Thursday, August 31, 2006

Break Down

Tonight I had a break down. I don't know if I would call it a breakdown, but that is what I'm calling it. Tonight after work, I went and got my brows waxed and I paid, walked out the door with Jason, and felt tears start to well up. Jason asked where I wanted to eat, and I shrugged and said I don't care. Then I said, let's just go home, because otherwise I'm going to start crying. Then I lost it. The tears started to flow.

What bothers me is that I started to cry for no reason. I still can't figure out why I was crying. I have never done that before. In the past, little things have set me off, but never like this. This was full out crying, sobbing, runny nose and everything crying. I have always been able to hold back my emotions pretty good, not letting anyone know what I truly feel. Wearing a mask so to speak. When someone asks how I am, it's always good, or okay, even if I'm not feeling that way. I have a hard time letting others in, and letting them know how I truly feel. Anyway, back to what happened.

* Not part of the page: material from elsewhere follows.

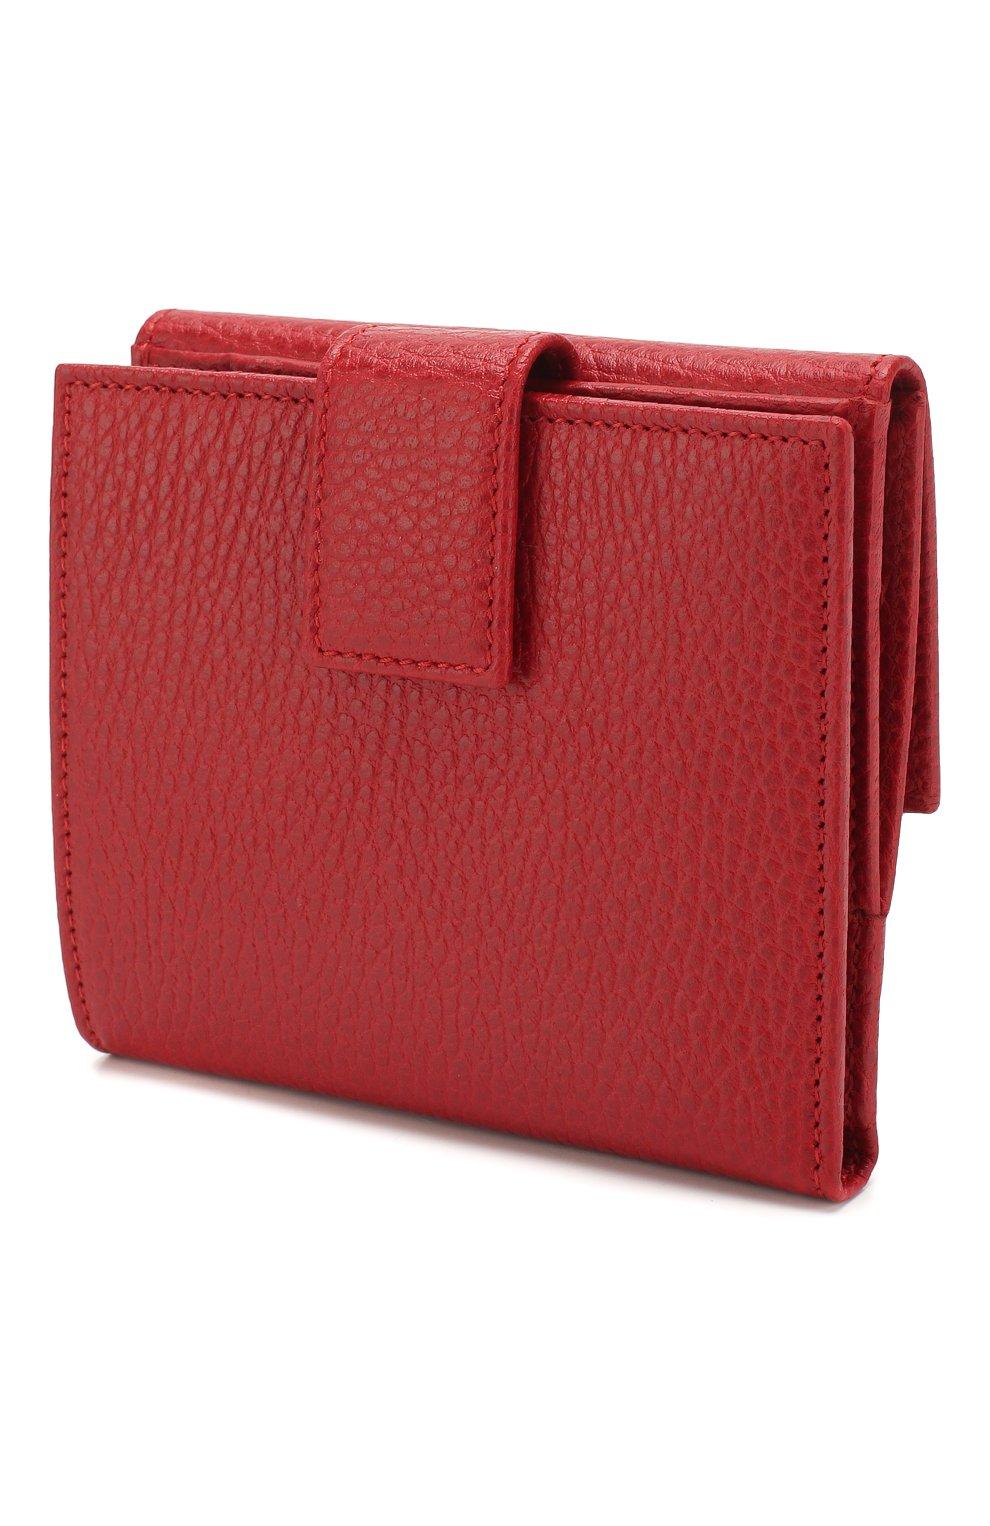 Кожаное портмоне с логотипом бренда Gucci красного цвета | Фото №2
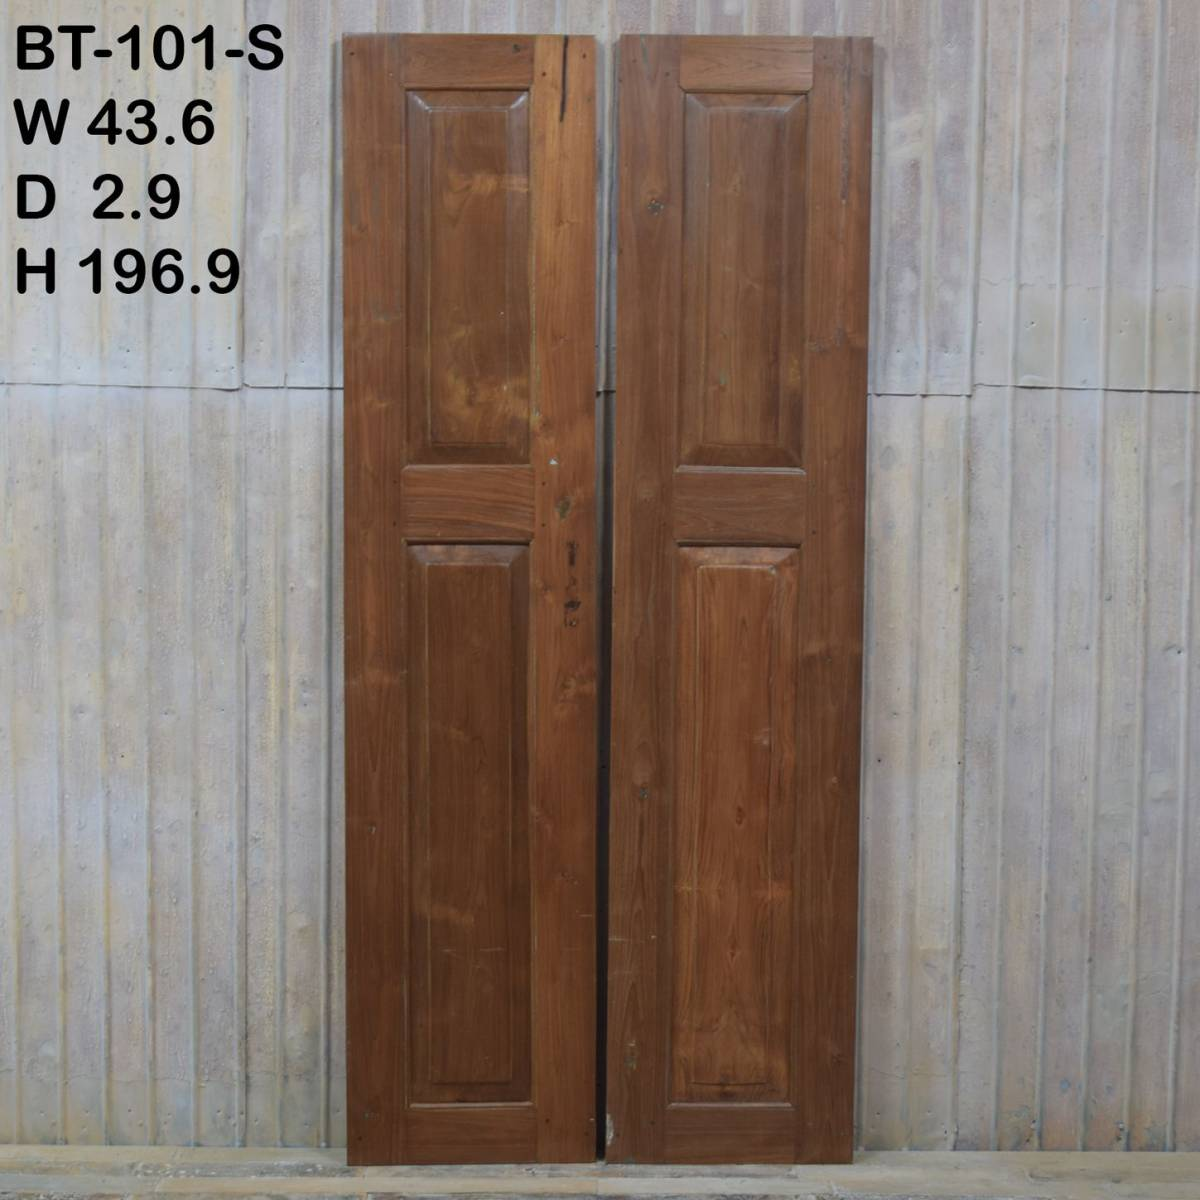 S-101〈即決〉W87×H197 ドアノブ外し穴修復済み 観音開きアンティークドア 2枚組 店舗リノベーション 扉 古い洋館の木製建具 ftg

We got home, and I sat down at my computer, attempted to read at a site, and the tears started. Jason came over and gave me a hug. I finished looking through the tears, typed "taking a break" post on the board, and then logged off, went and sat on the couch to try to compose myself. Jason sat down next to me and put his arm around me. I told him not to, because I will cry harder/longer. He moved his arm away, and I started to cry even more. He took me in his arms, and I sobbed. I couldn't help it. Finally I got my tears to pretty much stop and composed myself.

It really bothers me that I don't know *why* I was crying in the first place and that I couldn't make the tears stop even though I wanted to. I don't like that. At all.

5 comments:

Magpie said...

a change in hormones will make you cry.
an overdose of stress will make you cry.
It is a woman's perogative to cry at a moments notice and for absolutly no apparent reason and feel no need whatsoever to apologize or explain herself.

Jason said...

You can always cry on my shoulder. Although i'll cry with you!

Amy Purdy said...

That's an everyday occurrence with me, sorry you had to experience it. I know how scary it is when our emotions don't make sense. Laurie is right, it could be stress or hormonal stuff. If you continue to do that I would suggest you go to the doctor. But if it's just an occasional thing I wouldn't worry too much about it.

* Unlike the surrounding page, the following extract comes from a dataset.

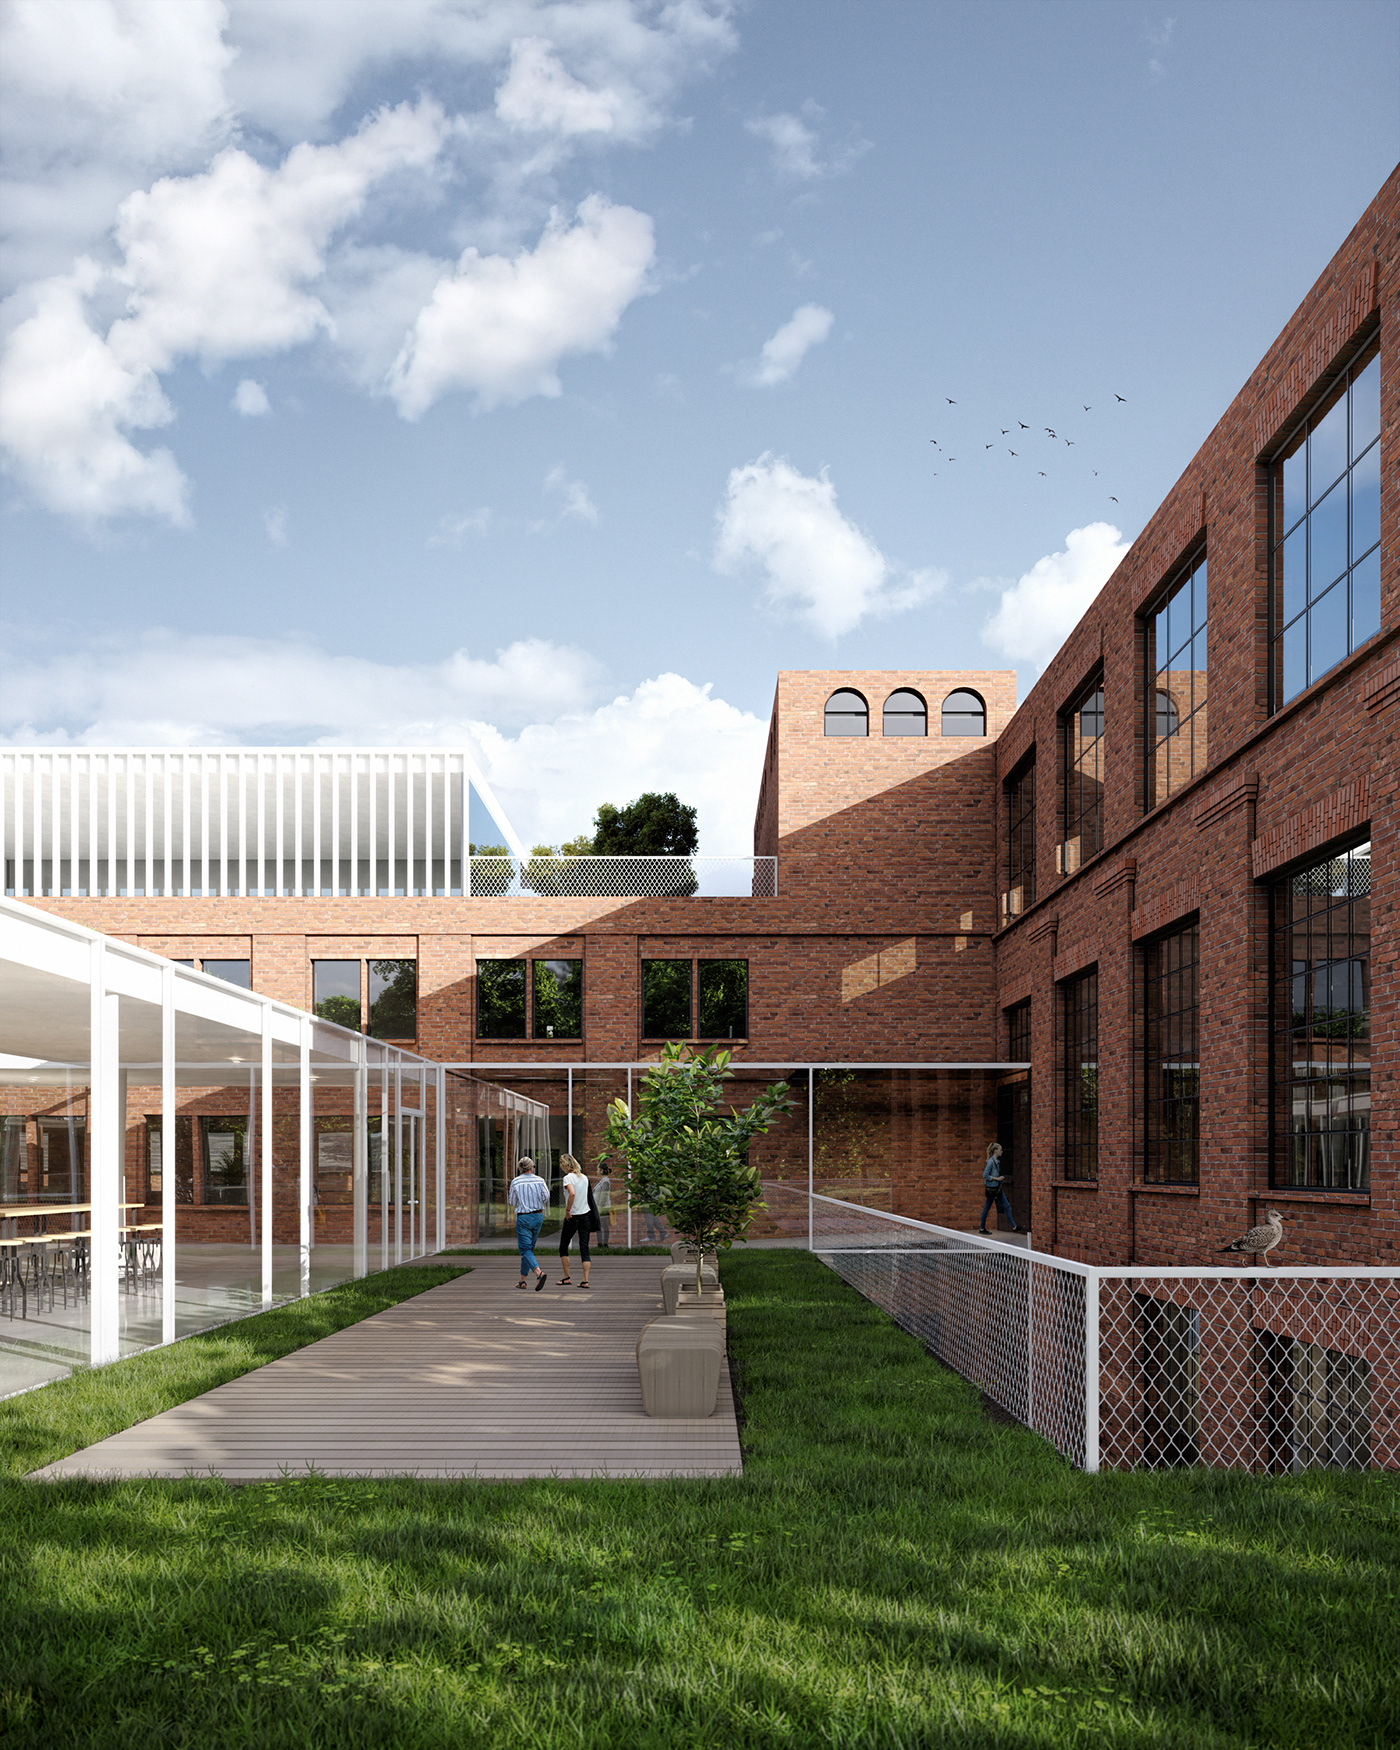 adaptive reuse architecture cultural culture exhibition space Gdansk Gradutaion project masters degree revitalization school of arts

Jason, you keep being the good husband that you are!! You two are so perfect for each other!!

ma said...

I've done this myself, although you never seen it because I would make myself busy mowing the lawn or weeding the garden....something to hide it. I think it's a female hormone/stress thing.....but still I'm concerned for you!! You hold to much in and need to say whats on your mind .... and I agree with Amy if you continue to do this visit with your Dr. soon!

Jason, your such a sweetheart!!

XOXO
Ma

Anonymous said...

(((Amber))) Laurie's right, it can be hormonal...we women are very complex human beings.

If it happens too often, though, I agree with Amy...don't hesitate to speak with your dr.